書き込み用のファイルを作成または開くことができないように、Linuxでコマンドを実行したいと思います。それでもファイルを正常に読み取ることができなければならず(したがって、空のchrootはオプションではありません)、すでに開いているファイル(特にstdout)に書き込むことができるはずです。
ファイルを一部のディレクトリ(現在のディレクトリなど)に書き込むことができれば、ボーナスポイントになります。
私は、システム全体のAppArmorやSELinuxなどの設定を含まず、root権限も含まないプロセスローカルソリューションを探しています。ただし、カーネルモジュールのインストールが必要な場合があります。
ファイルを作成する機能がある場合は、本当に快適で良いような機能を探しています。 ulimitは、このユースケースに対処するためのもう1つの便利な方法です。
ベストアンサー1
空のchrootを作成し、chroot内で読み取り専用でデフォルトのファイルシステムをバインドマウントするのはどうですか?

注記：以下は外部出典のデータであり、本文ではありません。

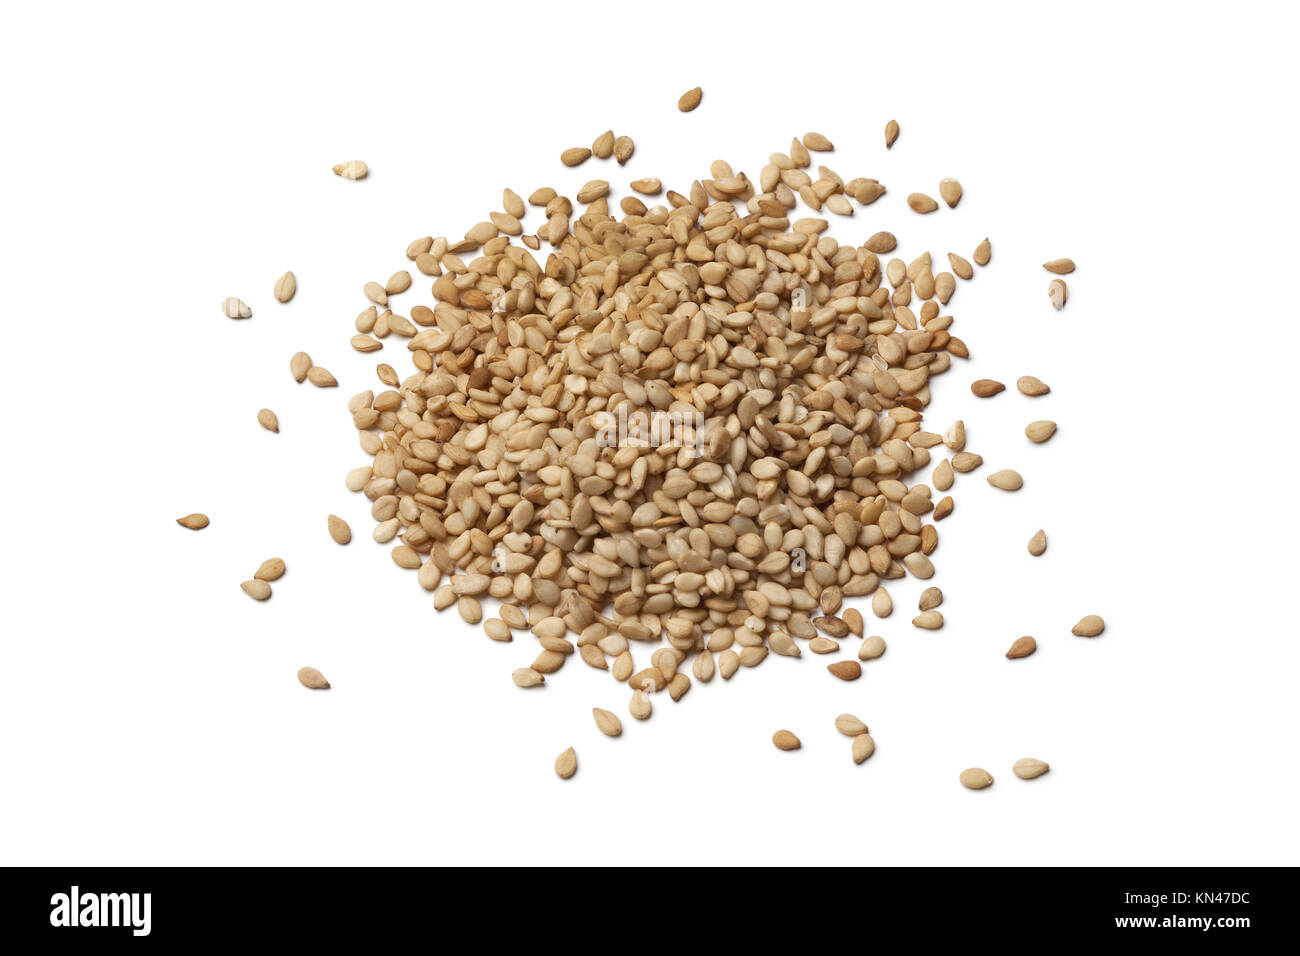 Roasted sesame seeds on white background. Stock Photo

おそらく読み取り専用のバインドマウントを作成するには、次のようにする必要があります。
mount --bind /foo/ /path/to/chroot/
mount -o remount,ro /path/to/chroot/
刑務所に書き込みアクセス権を付与したい他のディレクトリをバインドマウントできます。マウント特殊ディレクトリ(/dev/、/proc/、/sys/)をバインドする必要がある場合は、そのディレクトリをそのままマウントすることは安全ではない可能性があるため、注意してください。